What this task involves :: Return the data below unchanged, without images.

Data section ::
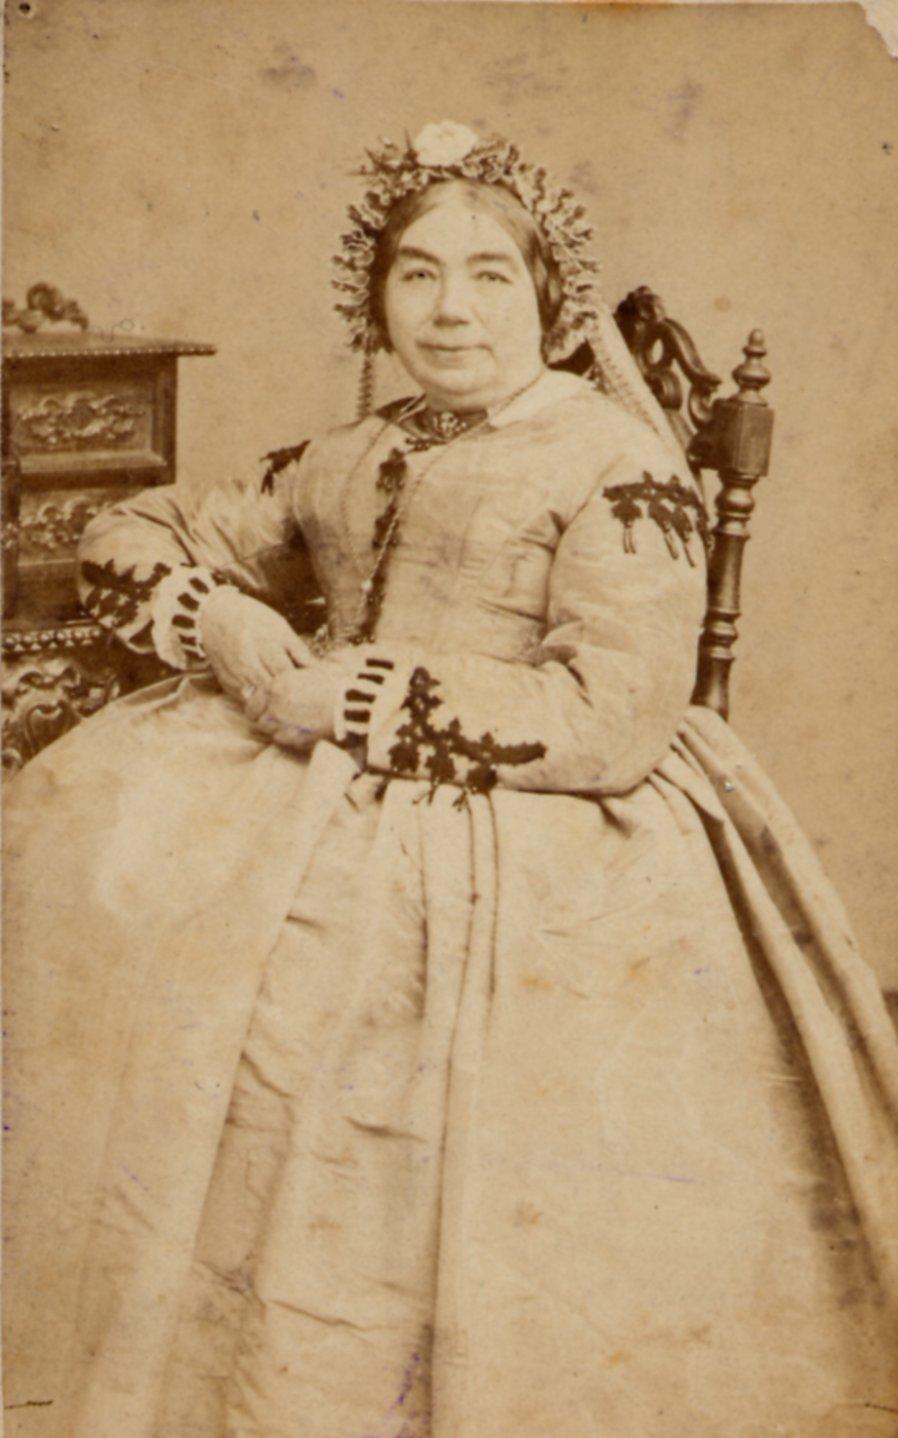 Anna-Maria Marres-Bemelmans
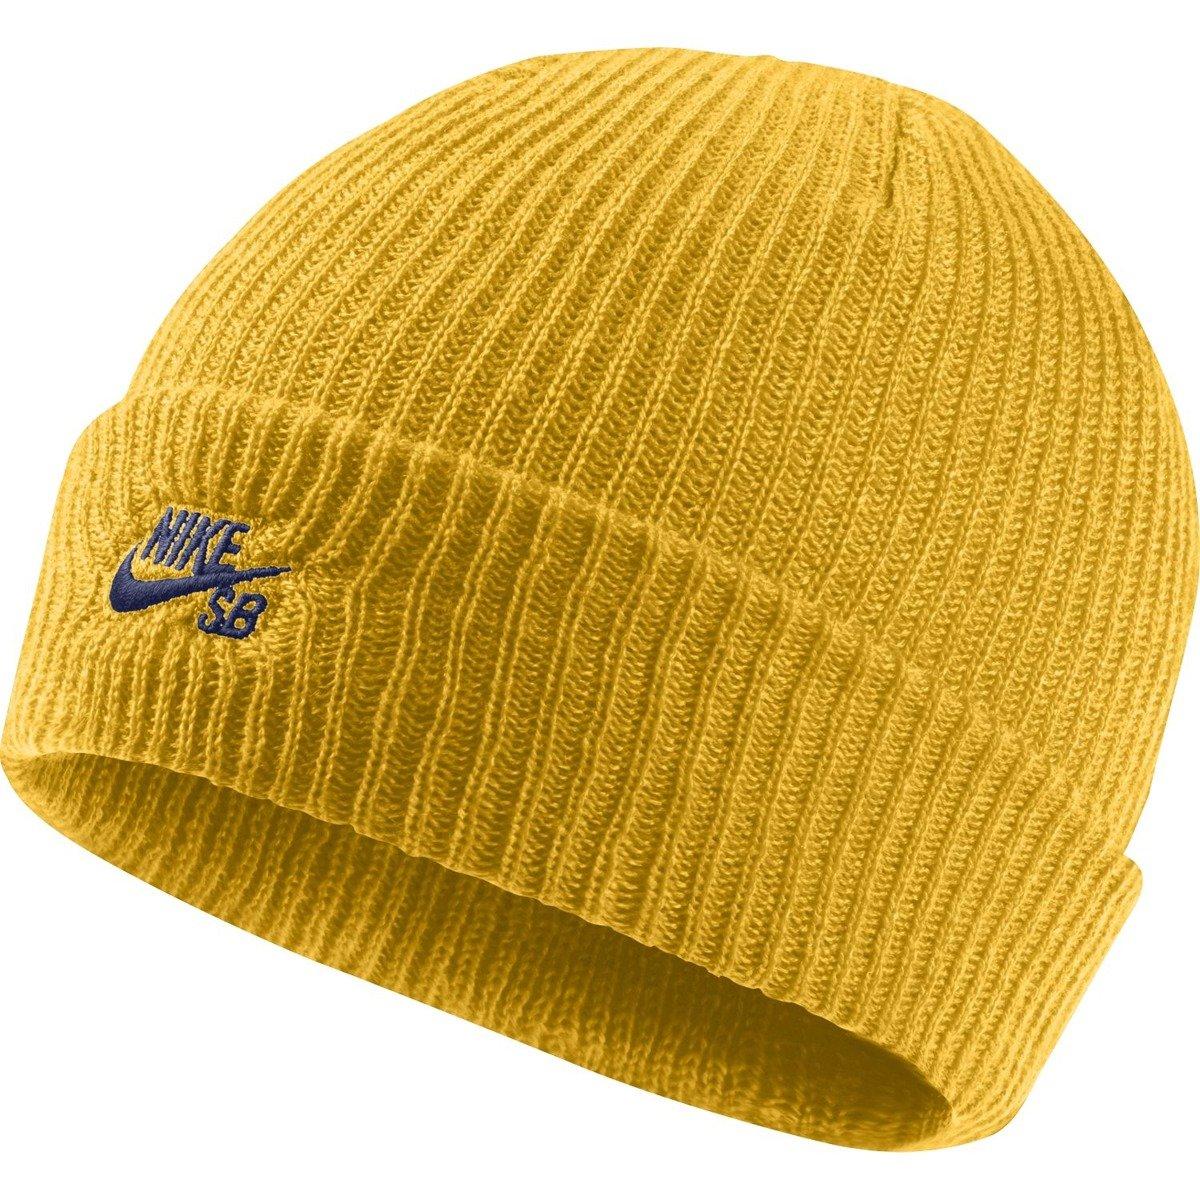 sports shoes c5625 c0fe4 nike sb fisherman beanie yellow ochre blue void yellow   Clothes   Cap   Beanie  Brands   Nike SB Produkt Na Prezent Odzież   Nike SB   Nike SB Fall 2018 ...
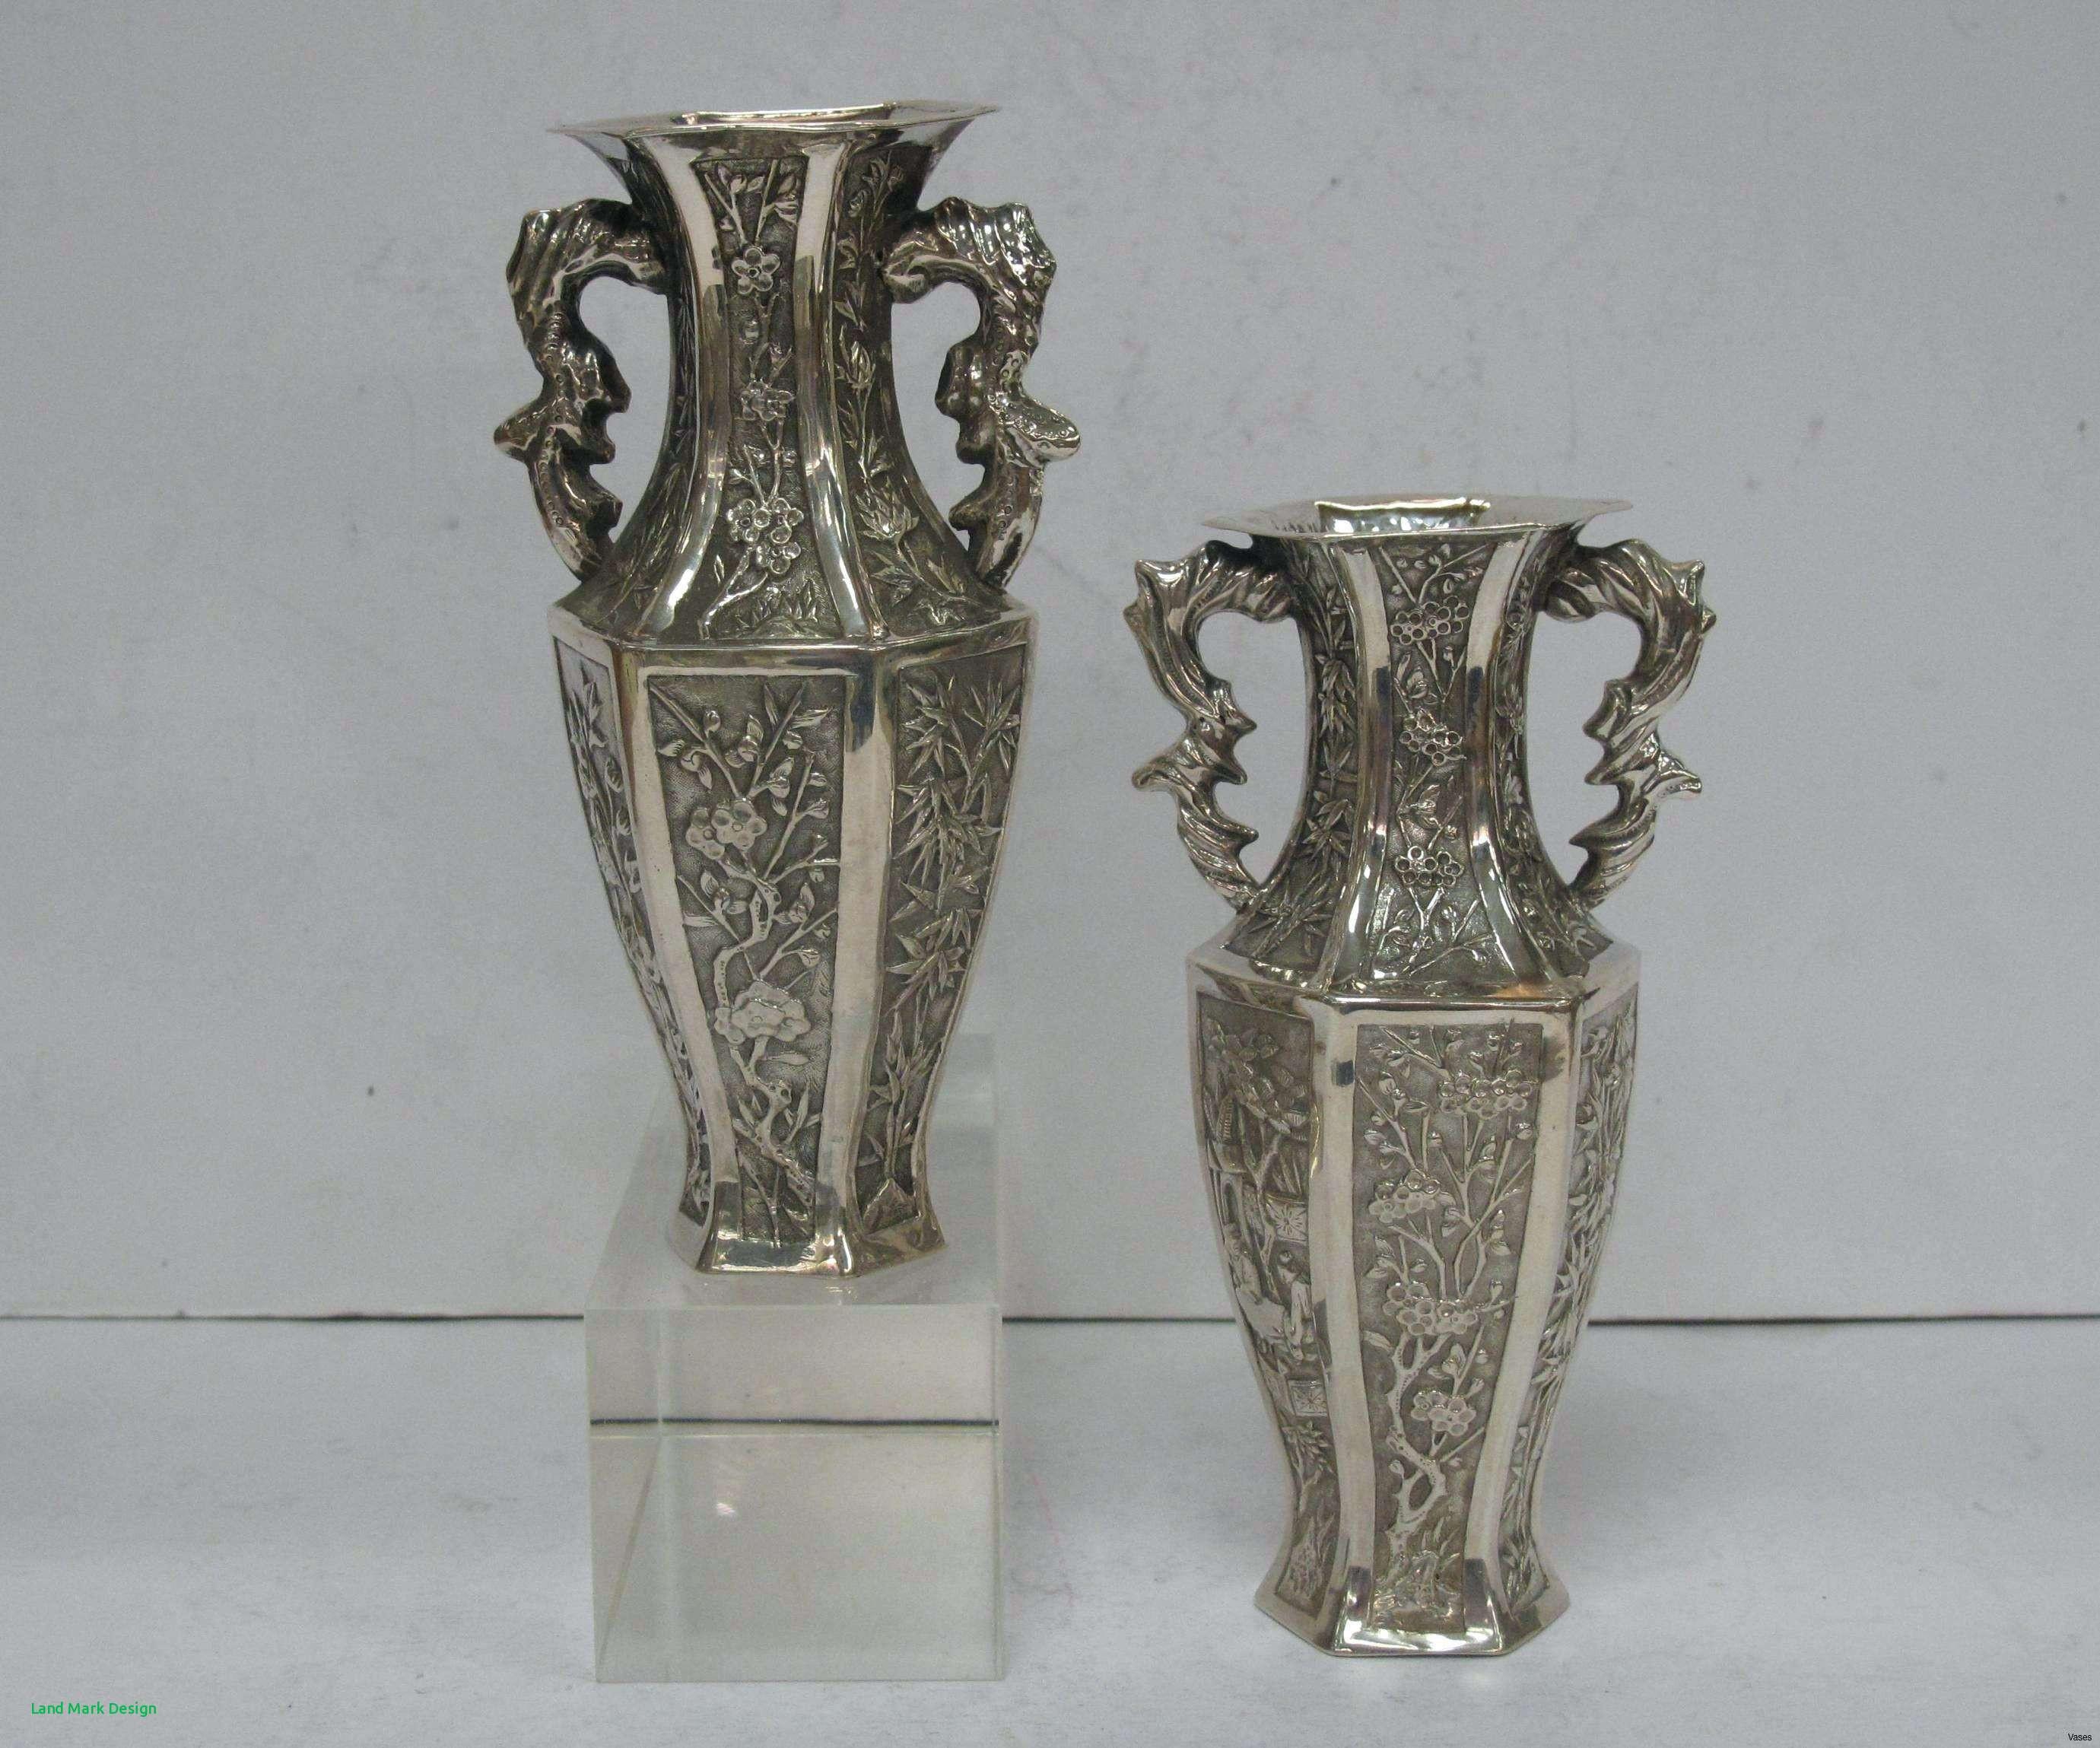 green glass vases bulk of unique crystal vase awards beginneryogaclassesnear me in 8253h vases bulk silver square glass cube vase with metallic band 6x6i 0d vases bulk silver

Answer to the problem ::
 Anna-Maria Marres-Bemelmans
 sports shoes c5625 c0fe4 nike sb fisherman beanie yellow ochre blue void yellow   Clothes   Cap   Beanie  Brands   Nike SB Produkt Na Prezent Odzież   Nike SB   Nike SB Fall 2018 ...
 green glass vases bulk of unique crystal vase awards beginneryogaclassesnear me in 8253h vases bulk silver square glass cube vase with metallic band 6x6i 0d vases bulk silver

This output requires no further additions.